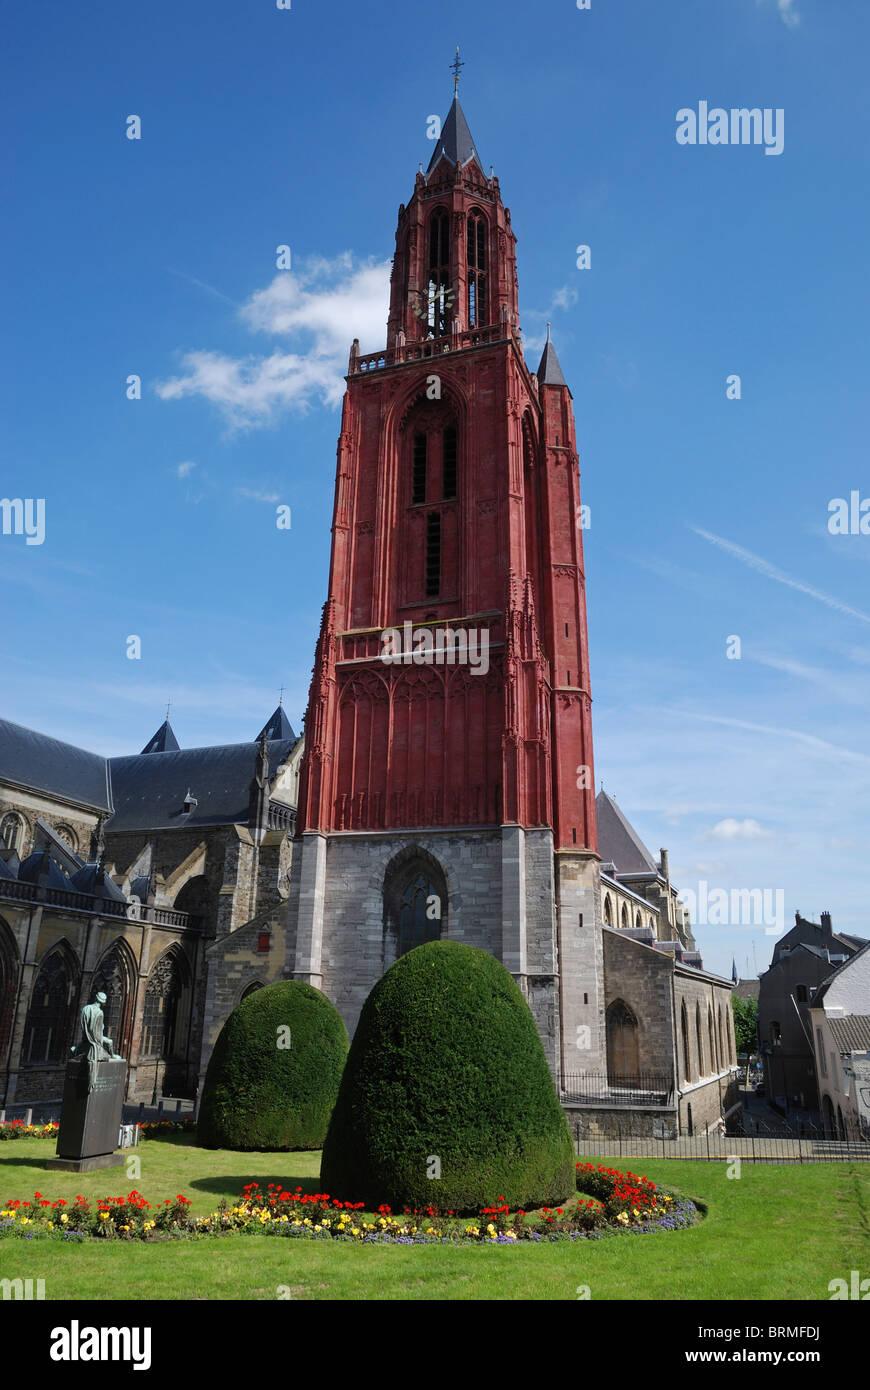 St janskerk maastricht limburg the netherlands stock - Maastricht mobel ...
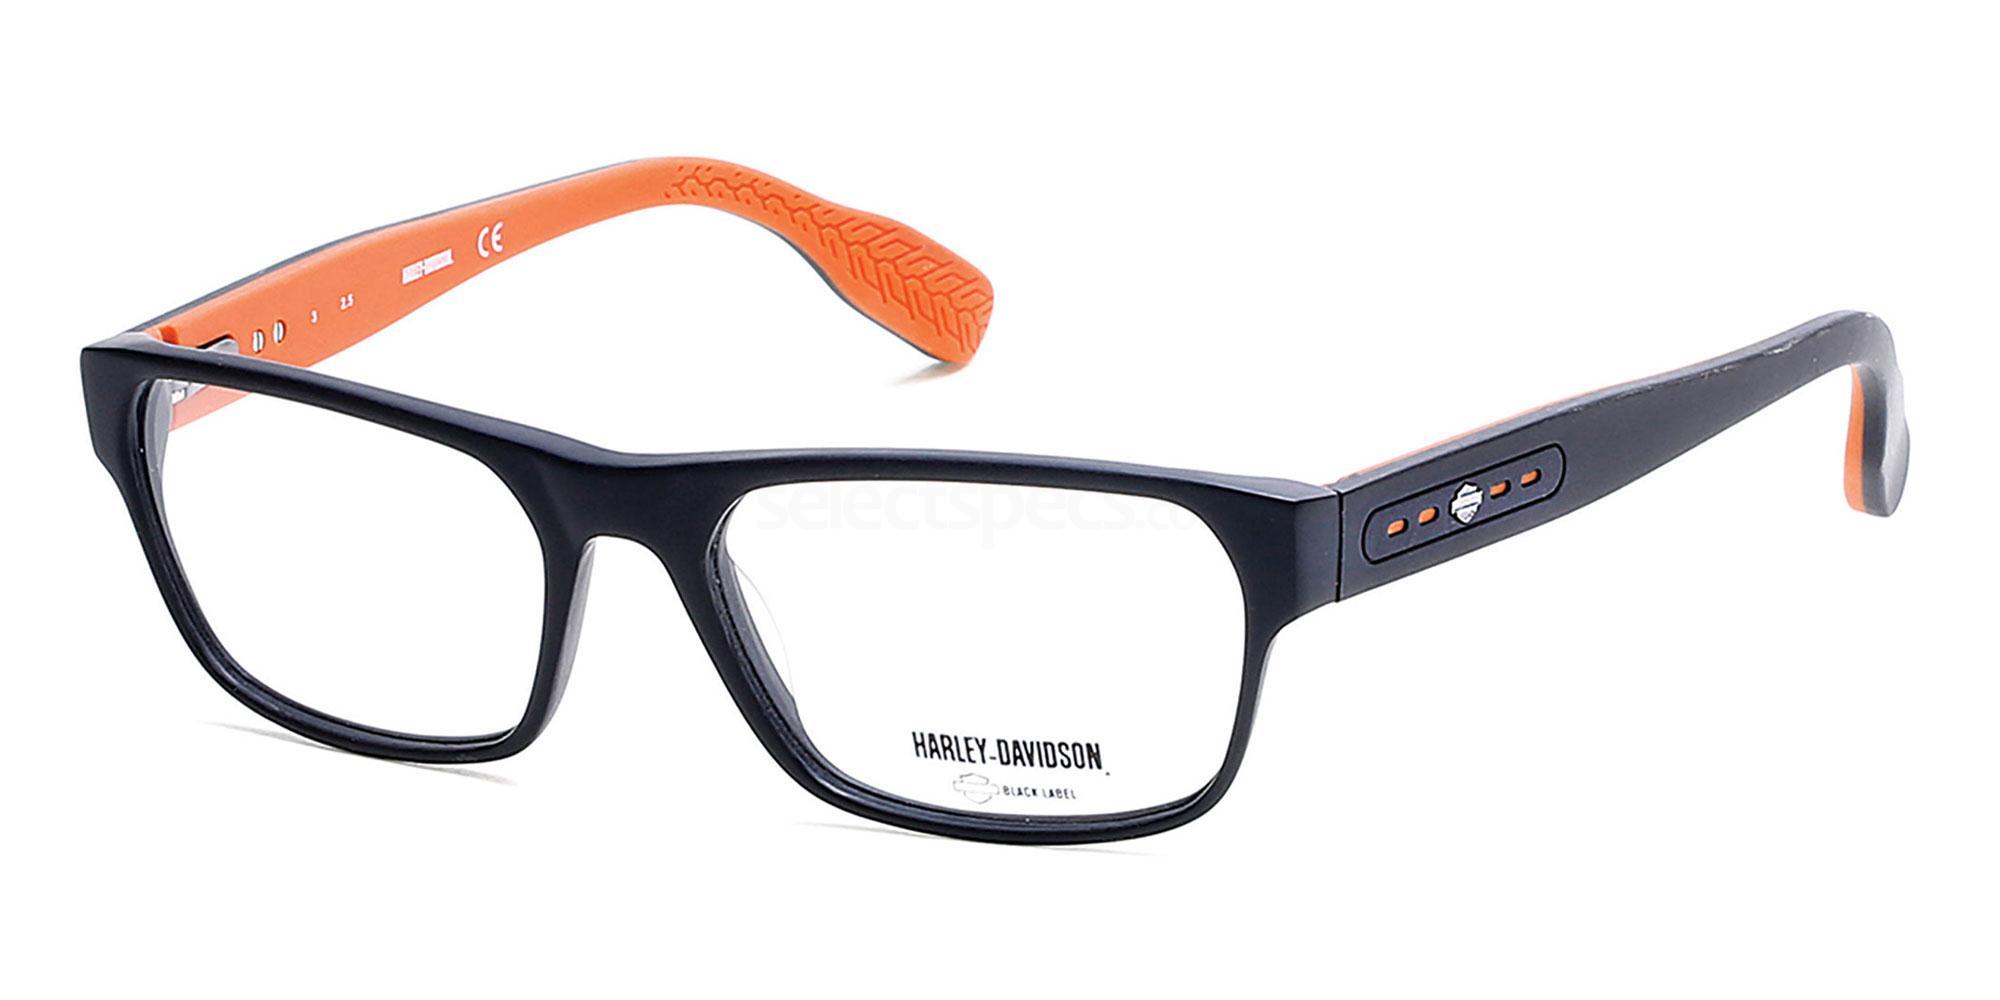 002 HD 1037 Glasses, Harley Davidson
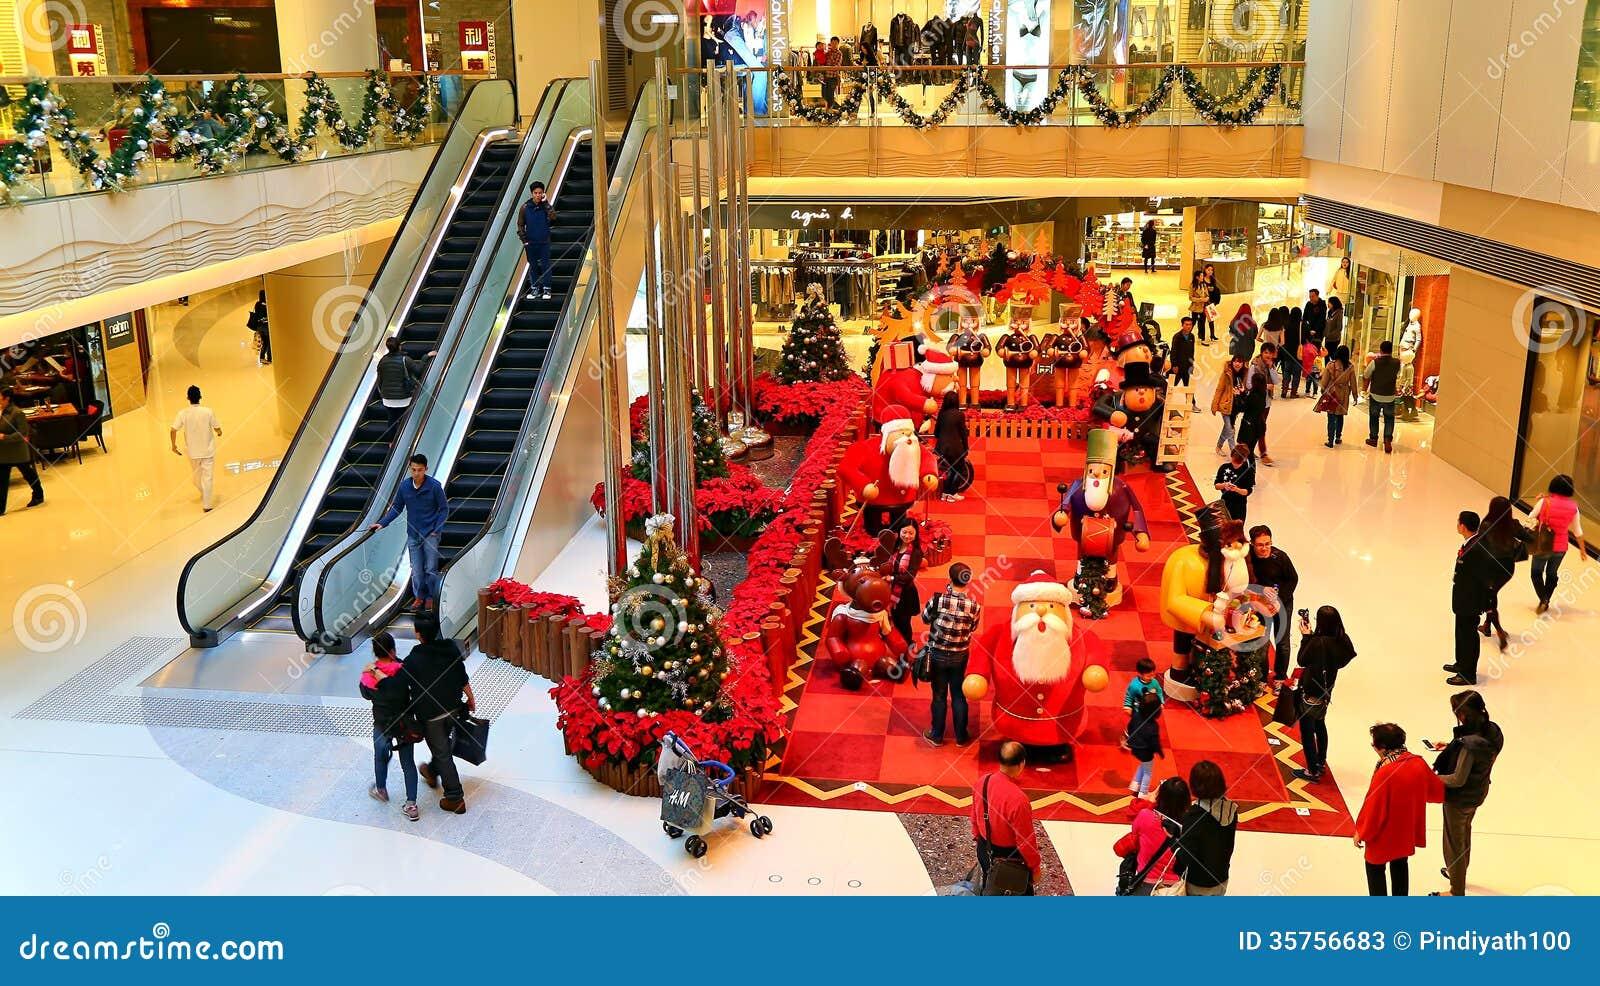 christmas decoration shopping mall active visitors enjoying decorations
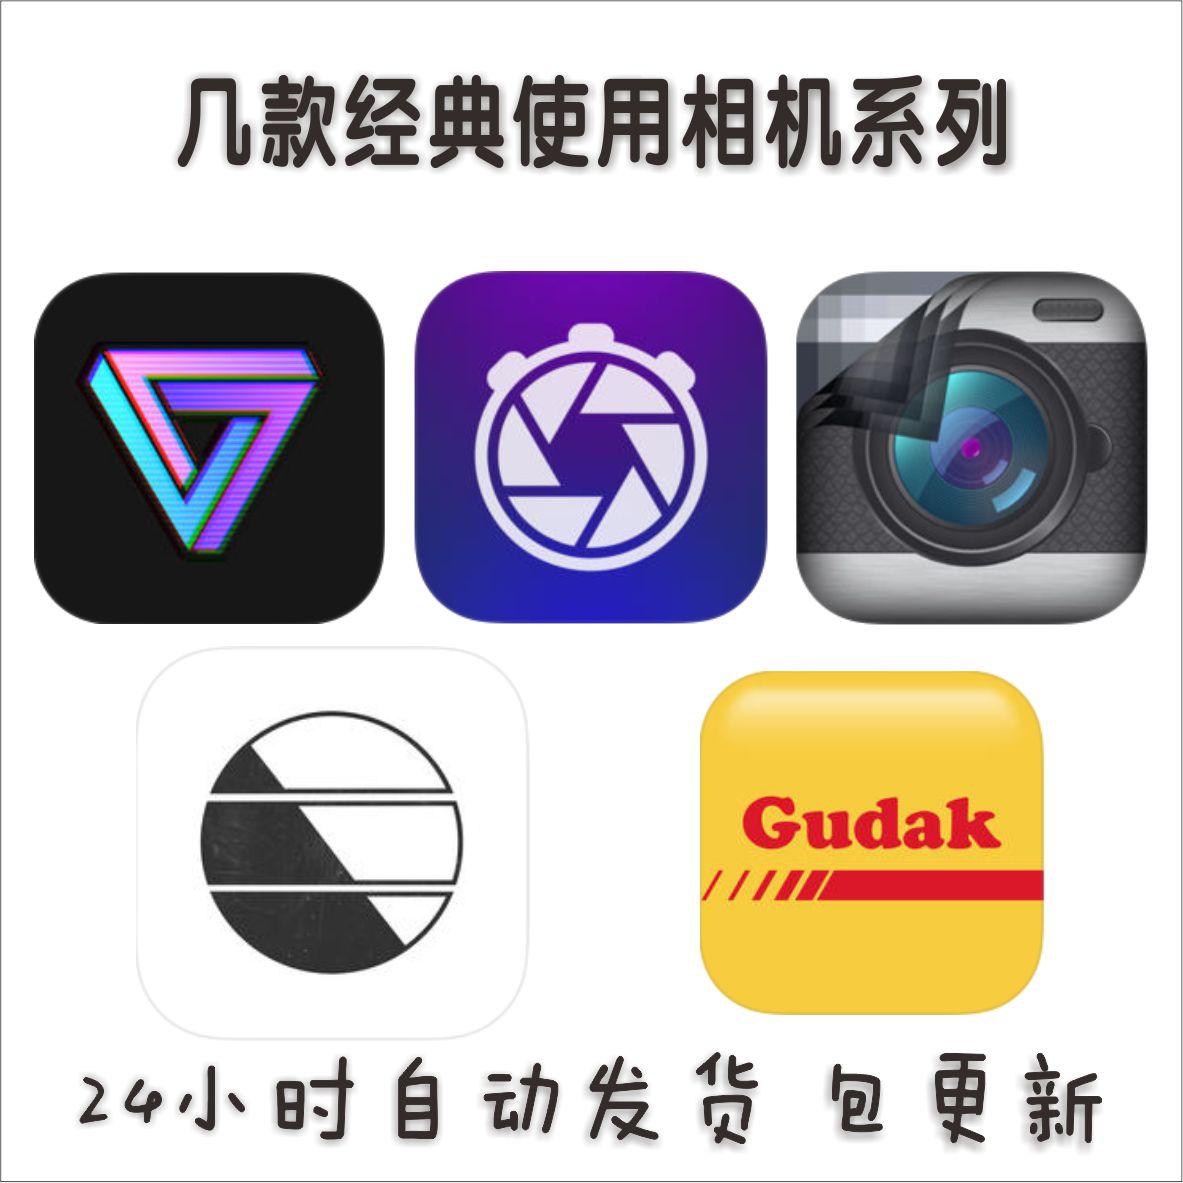 Vaporcam Gudak Cam медленно затвор камера Molight Cortex Camera app
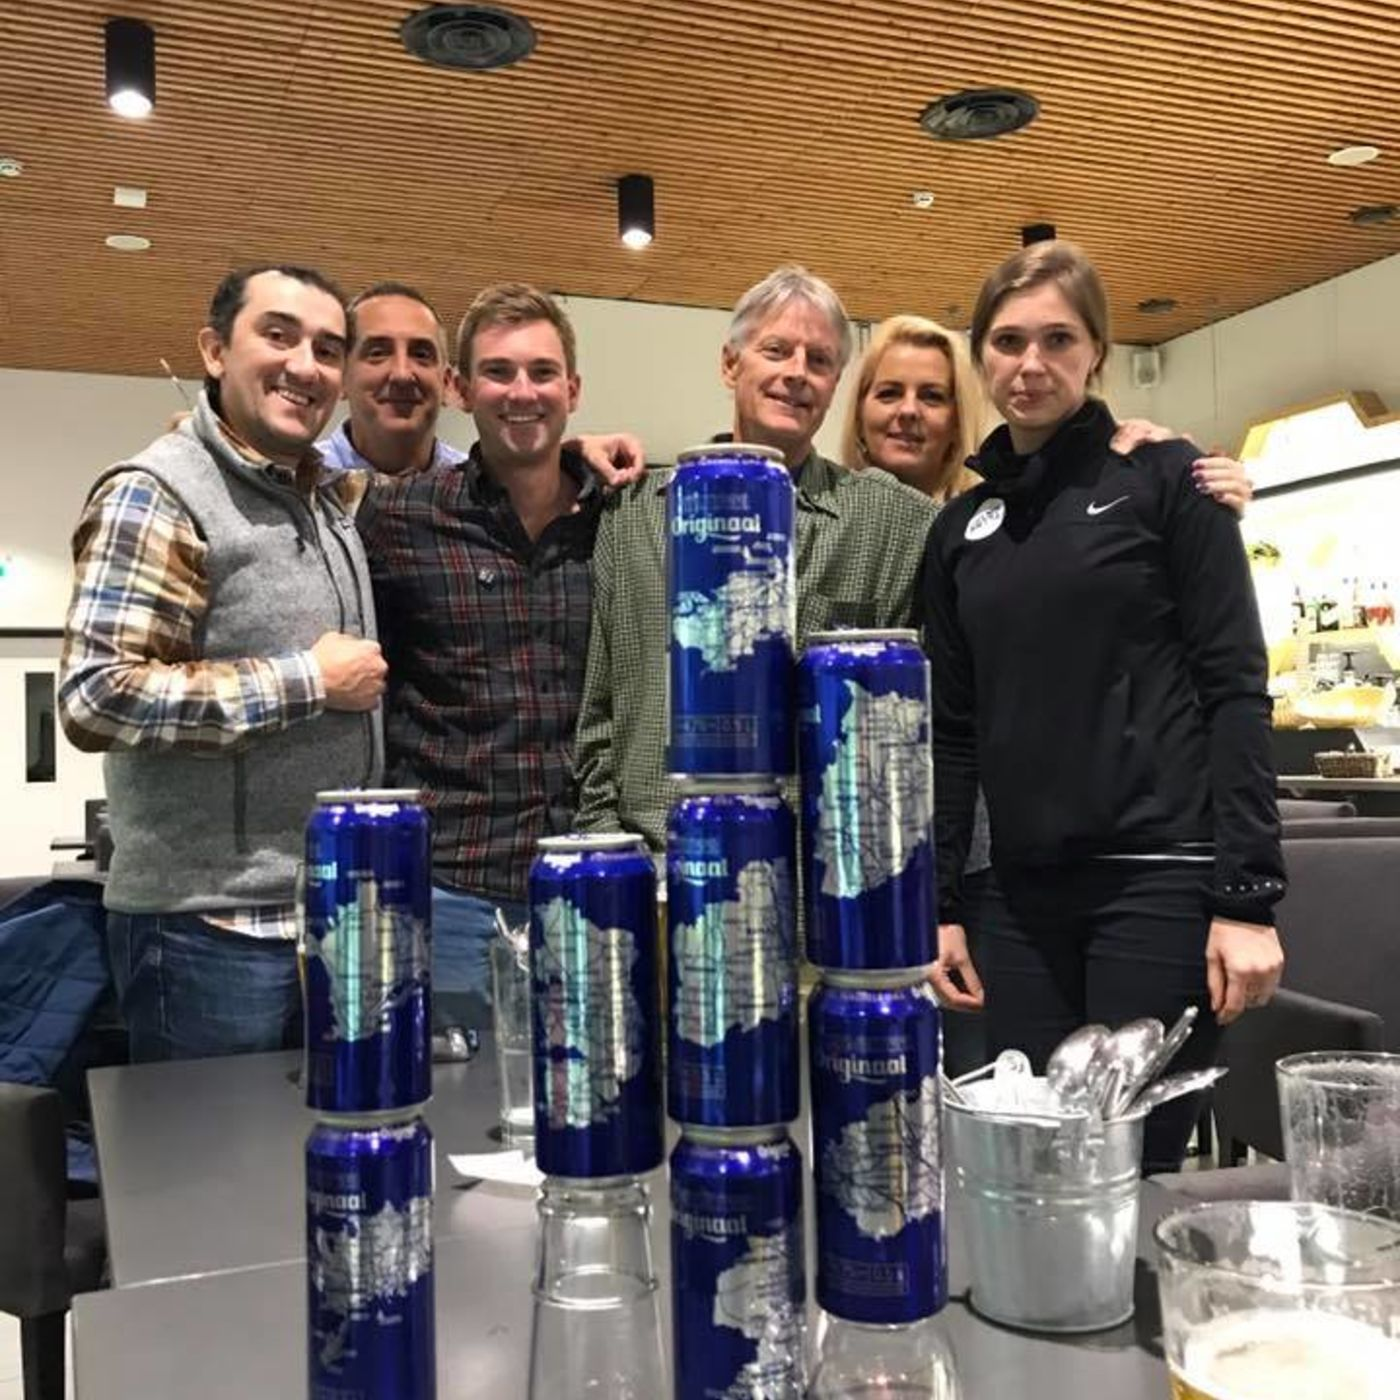 Ep. 27 - Tallinn Cup (Ordway, Smeed, Rivillas, Miller)
··········
WHAT YOU SHOULD DO: Word for word, copy every line of the data, excluding any pictures.

WRITTEN RESPONSE:
 St janskerk maastricht limburg the netherlands stock - Maastricht mobel ...
 002 HD 1037 Glasses, Harley Davidson
 christmas decoration shopping mall active visitors enjoying decorations
 Vaporcam Gudak Cam медленно затвор камера Molight Cortex Camera app
 Ep. 27 - Tallinn Cup (Ordway, Smeed, Rivillas, Miller)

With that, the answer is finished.